Plants for beauty: daphne for stunning winter scent, plus annual flowers to bloom all winter, like primulas, pansies, polyanthus, Iceland poppies, alyssum, viola. Plant sweet peas, lunaria, nemophilia, lupins, Californian poppy, evening primrose, gazanias for spring.

 

Cold climates:

Plants to eat: Seedlings of broccoli, Brussel sprouts, chicory, cabbage, cauliflower, kale, leeks, lettuce, spinach, seeds of broad beans, peas, snow peas, winter lettuce, spring onions, fast maturing Asian veg like tatsoi, pak choi and mitsuba.

Plants for beauty: potted roses, daphne for stunning winter scent, plus seedlings of annual flowers to bloom all winter, like primulas, pansies, polyanthus, Iceland poppies, alyssum, viola, and lunaria, nemophilia, lupins, Californian poppy, evening primrose and gazanias for spring.

 

Harvests

                  In colder regions autumn is the harvest season, frantic with bottling.
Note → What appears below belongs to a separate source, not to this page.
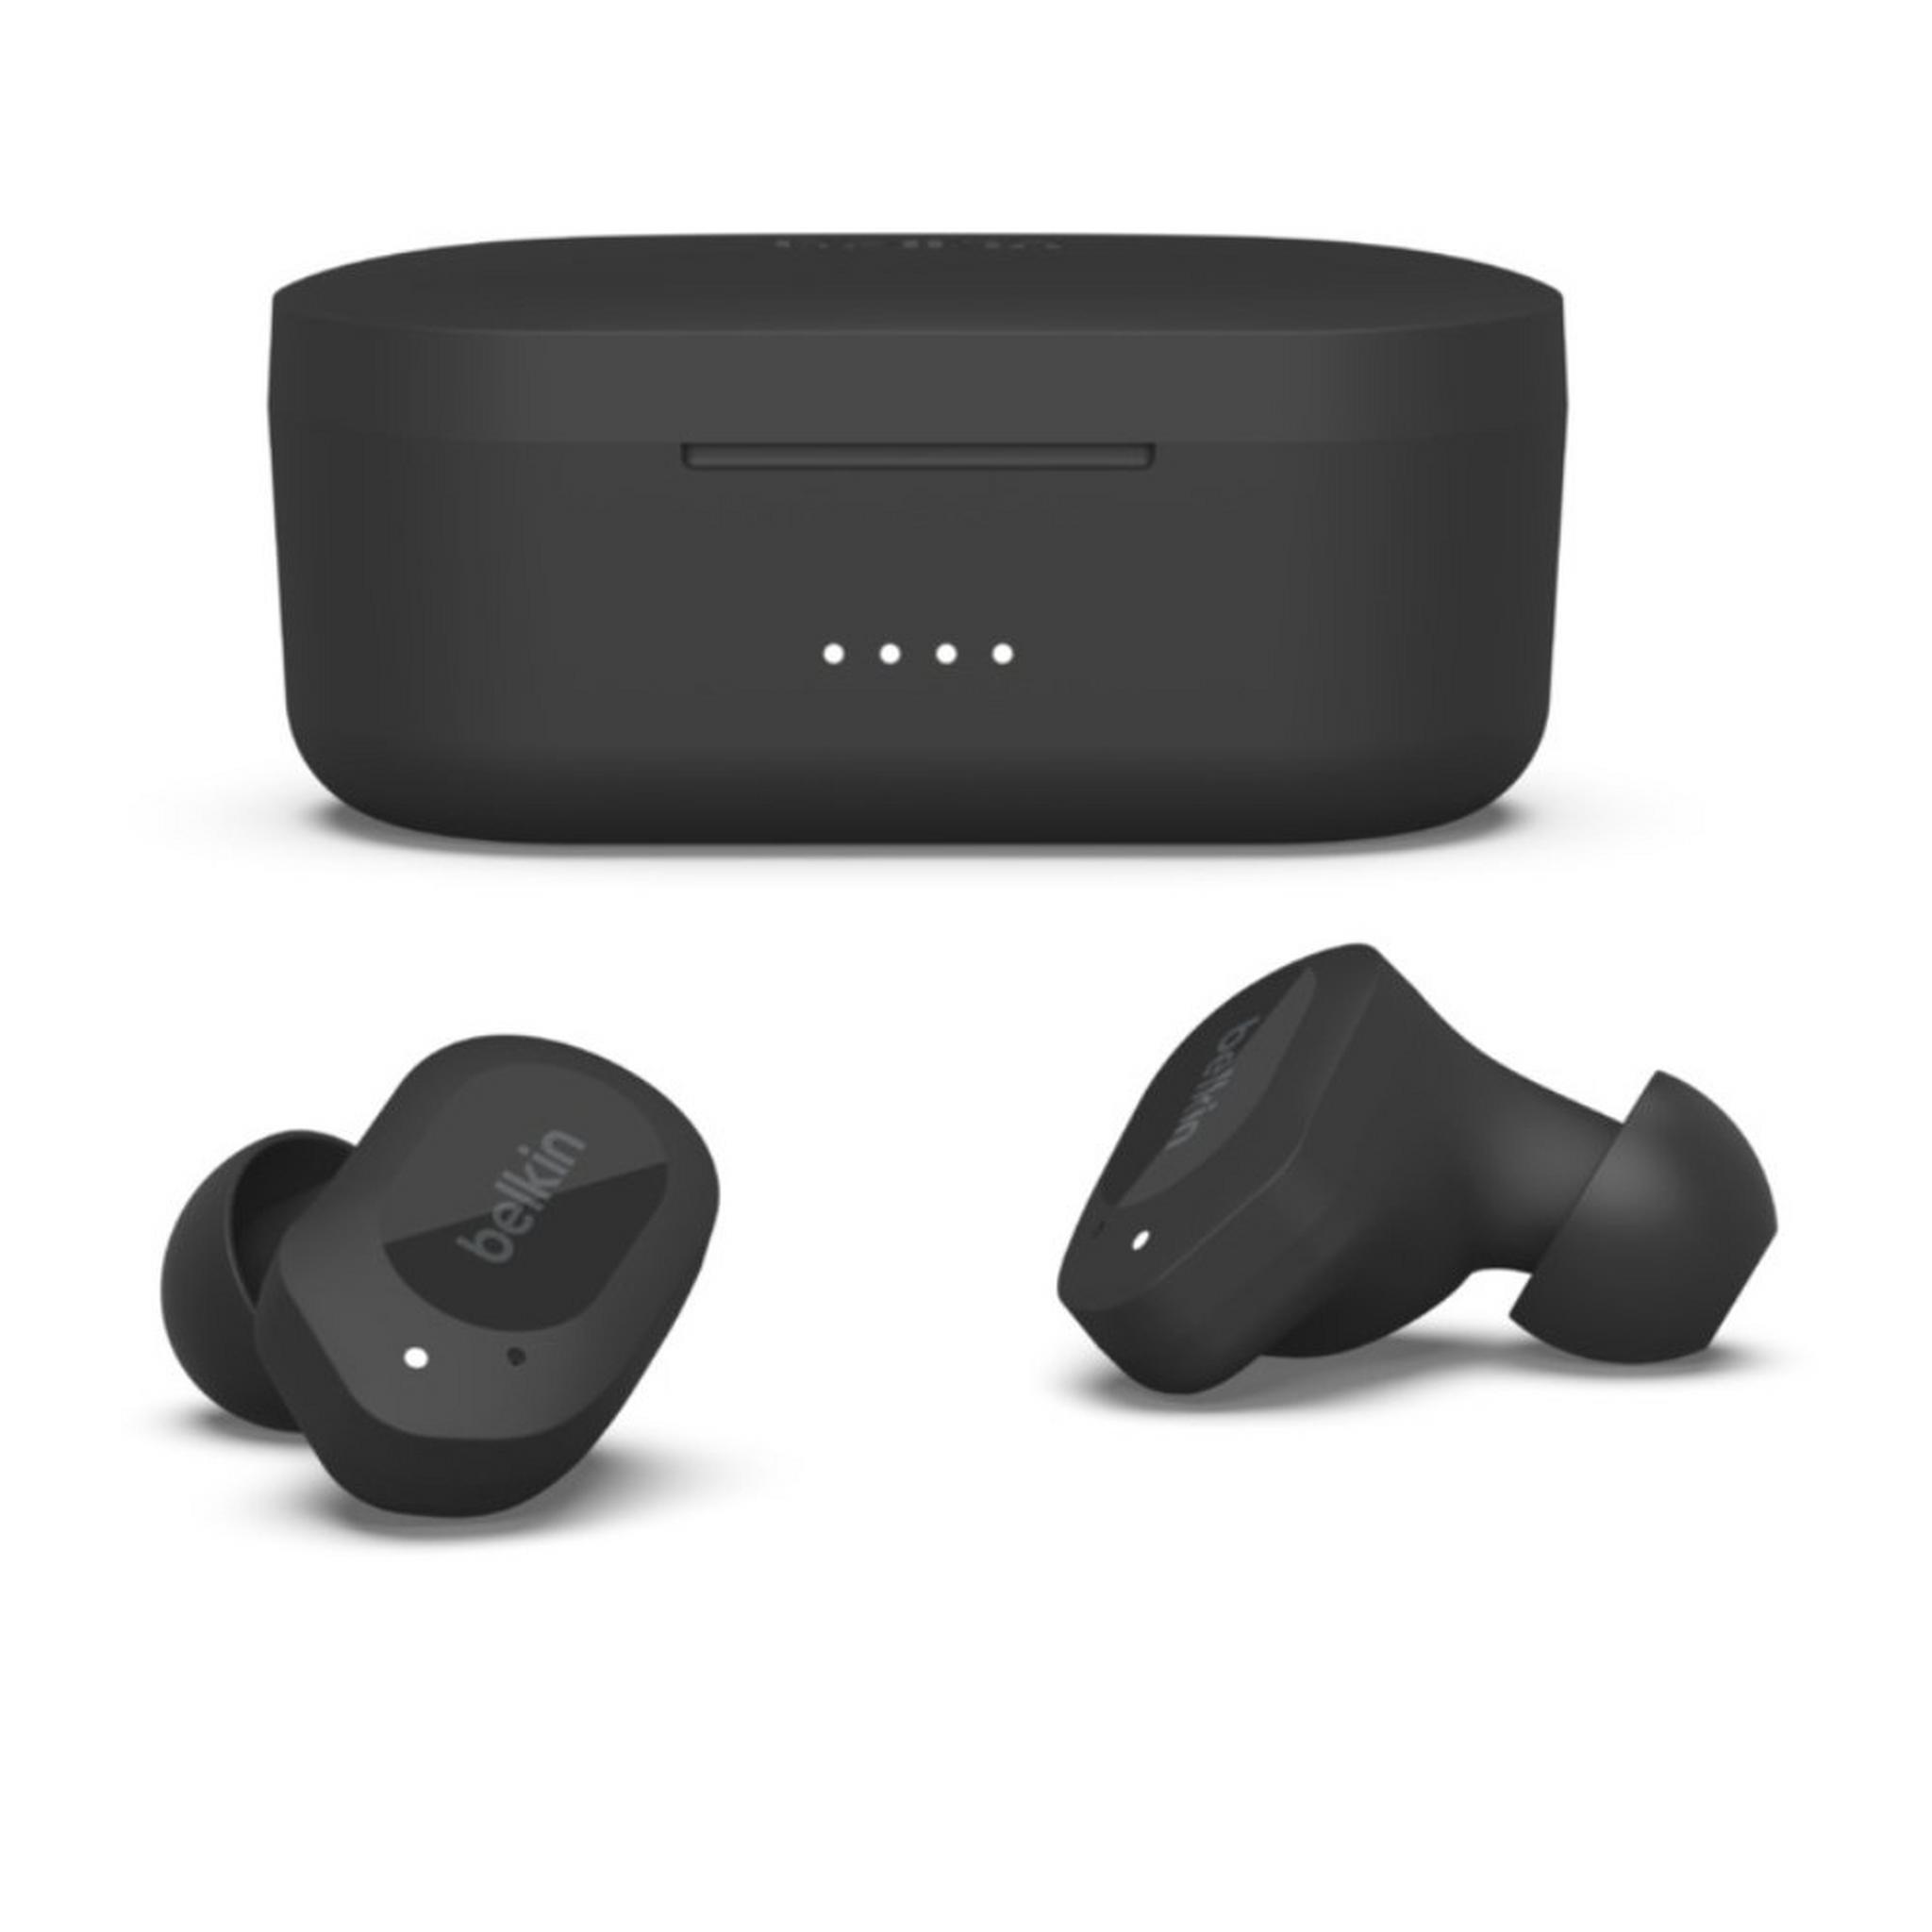 Belkin SoundForm Play True Wireless Earbuds - Black

Here most harvests are in summer. Autumn harvests are gentler: late apples, late pears, pomegranates, medlars, and quinces. The fruit is full of summer sun without that almost frantic fermented sweetness that crops get in high summer.

                  This is the time for gathering up whatever will be spoiled by winter cold- green tomatoes to ripen on newspaper indoors or make into green tomato pickle, immature cucumbers and pumpkin to slice and stir-fry or hang by their vines in the garage to keep ripening for a few weeks. Dig up tomatoes and capsicum bushes with as much soil as you can, and try to pot them for a continued crop.

Ripening Immature Vegetables

                  Pull up tomatoes, capsicum, vines etc with as much soil as possible. Hang them in a shed or veranda. The crop will continue to ripen.

                  Even green tomatoes will keep ripening on newspaper indoors- check for bad ones often. Don't dig root crops till you're going to use them- they'll be sweeter for the cold. If the ground may freeze mulch over them, or try to shelter them with tall plants around them (move some potted plants next to them- I use a prolific climbing geranium in pots to protect small vulnerable plants.)

Other jobs

                  This is the time to think about last minute seed saving. Transplant any carrots, parsnips etc you may be saving for seed into a less used part of the garden if they are going to be in the way where they are. Transplanting them now will only make them go to seed quicker. Stake them well- they'll get top heavy when the seed heads form and may fall down, causing the seed to rot or sprout prematurely.

Mulch soil well before it cools down to keep plants growing longer (black plastic and aluminium foil can be used to increase heat to plants). Once frosts start, however, thick mulch can mean more leaf damage- it may be best to rake it off.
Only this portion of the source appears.